355 500 произведений, 25 200 авторов.

Электронная библиотека книг » Лазарь Лагин » Искатель. 1966. Выпуск №3 » Текст книги (страница 10)
Искатель. 1966. Выпуск №3
  • Текст добавлен: 12 октября 2016, 06:06

Текст книги "Искатель. 1966. Выпуск №3"


Автор книги: Лазарь Лагин


Соавторы: Евгений Рысс,Кингсли Эмис,Теодор Гладков,Кира Сошинская,Евгений Муслин,Борис Зубков,Виктор Викторов,Николай Железников,Иван Бодунов,Владимир Велле
сообщить о нарушении

Текущая страница: 10 (всего у книги 14 страниц)

Поиски в Луге

Хорошо еще, что Горбачев попался на варке самогона, а то бы пришлось либо передавать дело в суд с очень шаткими доказательствами, либо вообще Горбачева выпустить. Начальство торопило Васильева. Уже второй месяц сидел Горбачев в тюрьме, а дело об убийстве вперед не двигалось.

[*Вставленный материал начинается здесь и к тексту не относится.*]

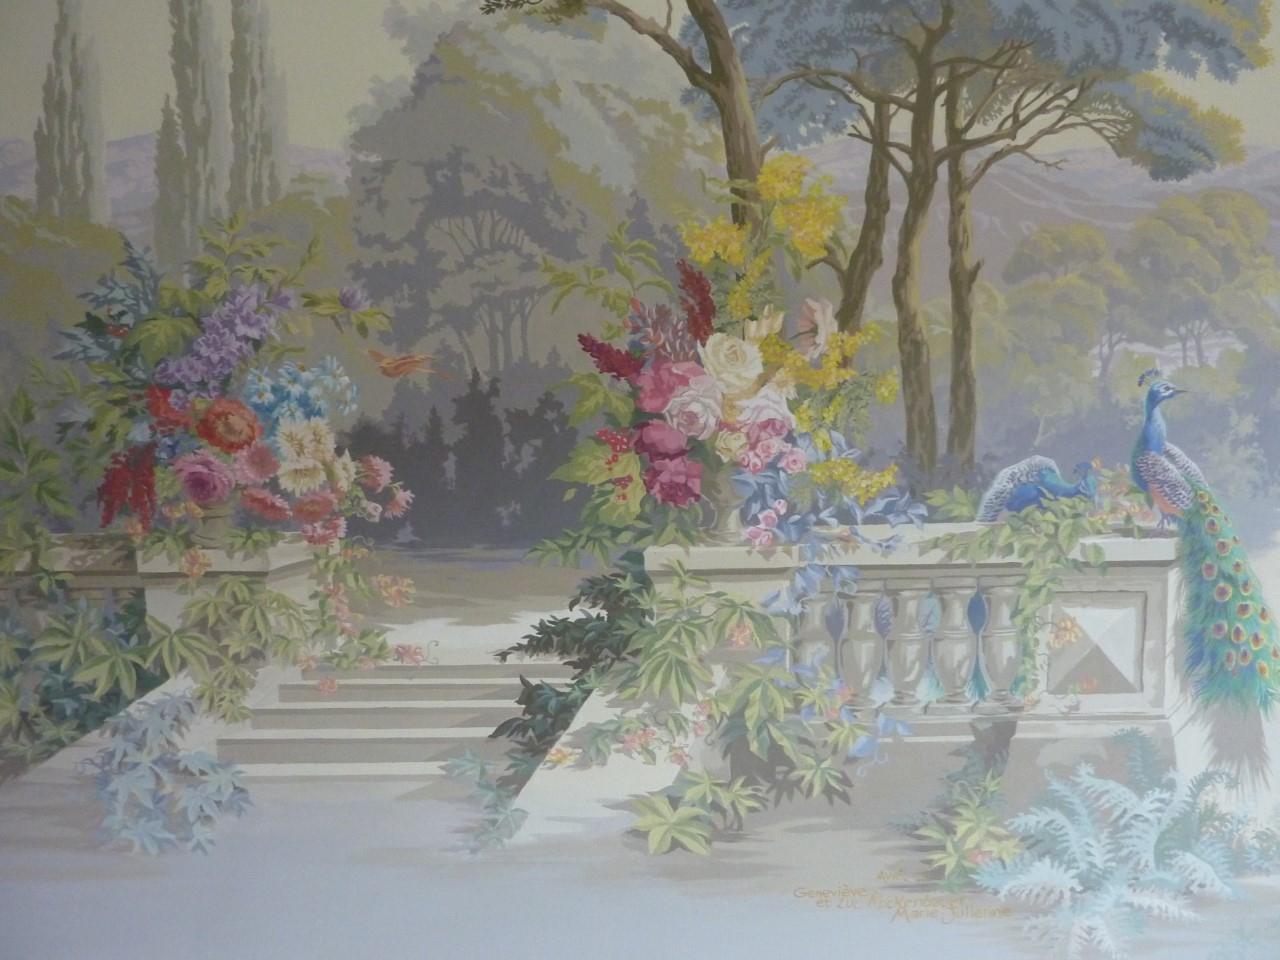 Zuber2- Décor salon particulier à la manière des papiers peints Züber- fresque en trompe l'oeil.

Еще раз проехал Васильев от учреждения, где Козлов получил деньги, до дома, где он жил. Оказалось, что как раз возле продовольственного магазина, неподалеку от дома Горбачева, надо было пересаживаться с трамвая на трамвай. Значит, вполне вероятно, что Козлов, получив деньги, зашел в магазин. Возле его дома больших магазинов не было. И конечно, было ему удобнее все купить именно здесь, при пересадке. Но как же все-таки он потом оказался у Горбачева! Может быть, подошел Горбачев к незнакомому человеку и предложил ему продать самогон? Козлов соблазнился и пошел? Маловероятно. Во-первых, Горбачев знал, что продажа самогона строго карается. Во-вторых, у него налажены связи с хозяевами чайных, и, значит, сбывать свою продукцию было ему нетрудно. Чего ж тогда будет он открываться первому встречному? Наконец, третье: одет был Козлов скромно, и предположить, что у него при себе большие деньги, никак было невозможно. Не будет же он в самом деле объяснять каждому, что вот, мол, получил подъемные, так что, пожалуйста, грабьте. Наконец, если все-таки и завязалось знакомство на почве самогона, так отчего же убитый был совершенно трезв? Судебно-медицинский эксперт, производивший вскрытие, утверждал это уверенно.

Где-то в этом деле был какой-то крючок, какая-то подробность, о которой Васильев не подумал. Что-то самое главное прошло мимо него. Что же это могло быть!

Васильев съездил в Лугу, обыскал дом Горбачева. Никаких прямых улик того, что Горбачев варил самогон в Луге, не оказалось. Н все-таки Васильев был уверен, что именно самогон был всегда основным источником дохода Горбачева. Хозяйство его оказалось запущенным до последней степени. Урожай на земле вырастал бедный. Видно было, что по-настоящему никто к земле рук не приложил. Если землю пахали и засевали, то для того только, чтобы можно было сказать: живем, мол, на трудовые доходы.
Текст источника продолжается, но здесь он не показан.